# Intro to ECG Heartbeat Classification

![rainbow](https://github.com/ancilcleetus/My-Learning-Journey/assets/25684256/839c3524-2a1d-4779-85a0-83c562e1e5e5)

# 📖 TABLE OF CONTENTS

- [1. Intro]()
- [2. Understanding Time Series Problems]()
  - [📌 What is Time Series Data?]()
  - [🔍 Characteristics of Time Series Data]()
  - [⚠️ Challenges in Time Series Analysis]()
- [3. Introduction to ECG Signals]()
  - [📊 What are ECG Signals?]()
  - [🏥 Components of an ECG Signal]()
  - [📈 How to read ECG paper?]()
  - [🔍 Why Classify ECG Signals?]()
- [4. Methods for ECG Heartbeat Classification]()
  - [1️⃣ Traditional Techniques]()
  - [2️⃣ Machine Learning (ML) Techniques]()
  - [3️⃣ Deep Learning (DL) Techniques]()
  - [4️⃣ Multimodal AI Techniques]()
  - [⚖️ Comparison of Different Methods]()
- [5. The Kaggle ECG Heartbeat Categorization Dataset]()

![rainbow](https://github.com/ancilcleetus/My-Learning-Journey/assets/25684256/839c3524-2a1d-4779-85a0-83c562e1e5e5)

# 1. Intro

Welcome to the **HeartBeatInsight** project! This first Jupyter Notebook is your entry point into understanding **ECG Heartbeat Classification** from the ground up. We'll explore time series data, ECG signals, and various methods to classify heartbeats, ultimately helping you determine the best approach for the [**Kaggle ECG Heartbeat Categorization Dataset**](https://www.kaggle.com/datasets/shayanfazeli/heartbeat).

Let's get started! 🩺❤️

![rainbow](https://github.com/ancilcleetus/My-Learning-Journey/assets/25684256/839c3524-2a1d-4779-85a0-83c562e1e5e5)

# 2. Understanding Time Series Problems

## 📌 What is Time Series Data?

**Time Series Data** is a sequence of data points collected or recorded at successive time intervals. Each data point is associated with a timestamp, and the order of the data matters because each observation depends on previous ones.

**Examples of Time Series Data:**

- **Weather Data:** Temperature recorded daily.

- **Stock Prices:** Prices recorded minute-by-minute.
    
- **Heart Rate:** Beats per minute recorded continuously.

## 🔍 Characteristics of Time Series Data

1. **Temporal Dependency:** Data points are related to each other over time.

2. **Trend:** A long-term upward or downward movement in the data.

3. **Seasonality:** Regular patterns that repeat over specific intervals.

4. **Noise:** Random variations or anomalies in the data.

## ⚠️ Challenges in Time Series Analysis

1. **Handling Noise:** Random disturbances can obscure patterns.

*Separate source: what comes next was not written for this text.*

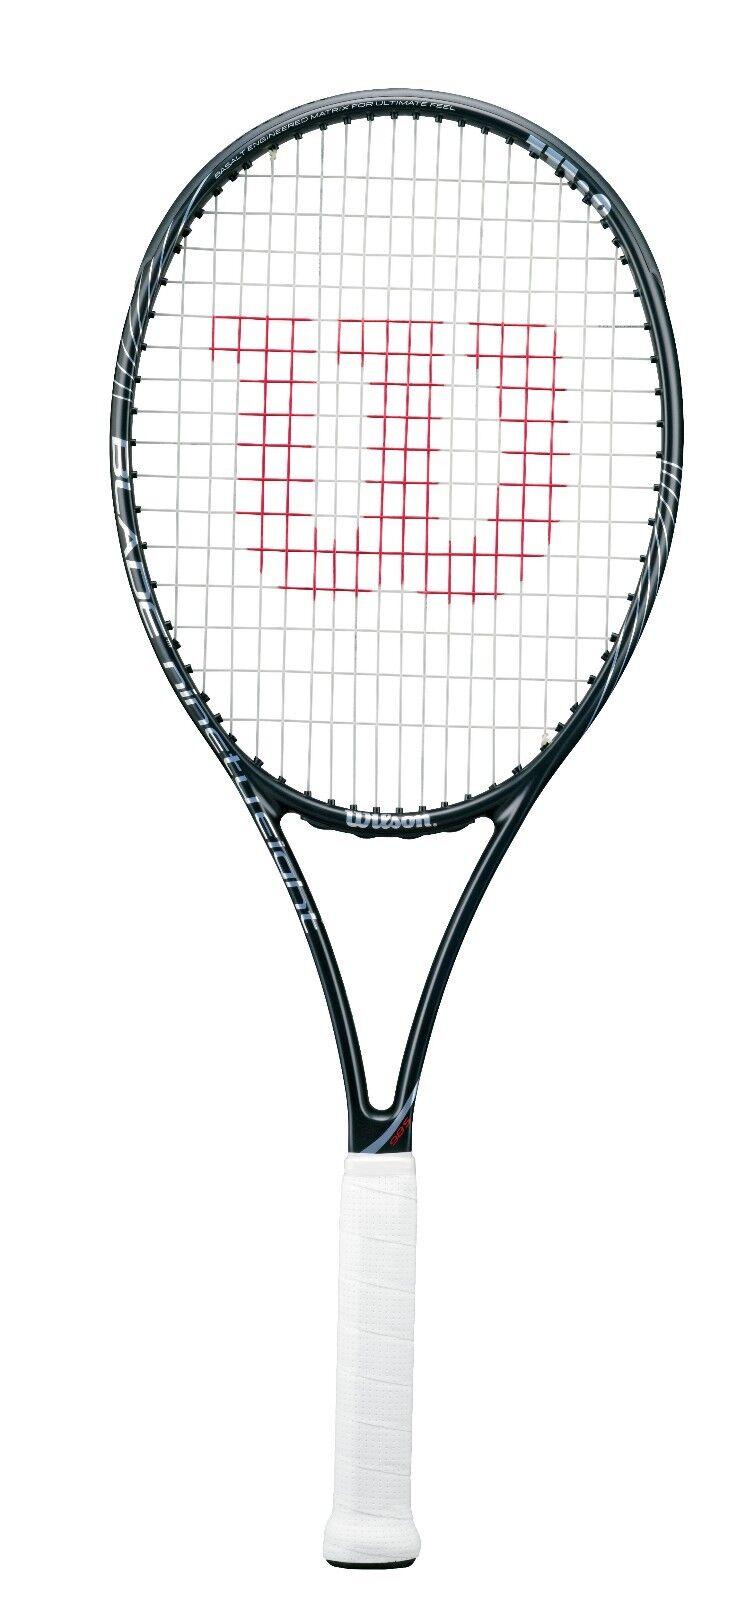 WILSON BLX BLADE 98S SPIN EFFECT 2013 tennis racquet - 4 5 8  -Rg

2. **Capturing Trends:** Identifying underlying trends accurately.

3. **Dealing with Missing Data:** Gaps in data can disrupt analysis.

4. **Complex Patterns:** Time series data often has intricate relationships that are difficult to model.

![rainbow](https://github.com/ancilcleetus/My-Learning-Journey/assets/25684256/839c3524-2a1d-4779-85a0-83c562e1e5e5)

# 3. Introduction to ECG Signals

## 📊 What are ECG Signals?

An **Electrocardiogram (ECG)** measures the electrical activity of the heart over time. It's a non-invasive test used to detect heart problems like **arrhythmias (irregular heartbeats)**. Each ECG signal records a sequence of heartbeats, and each heartbeat can be categorized as **normal or abnormal**.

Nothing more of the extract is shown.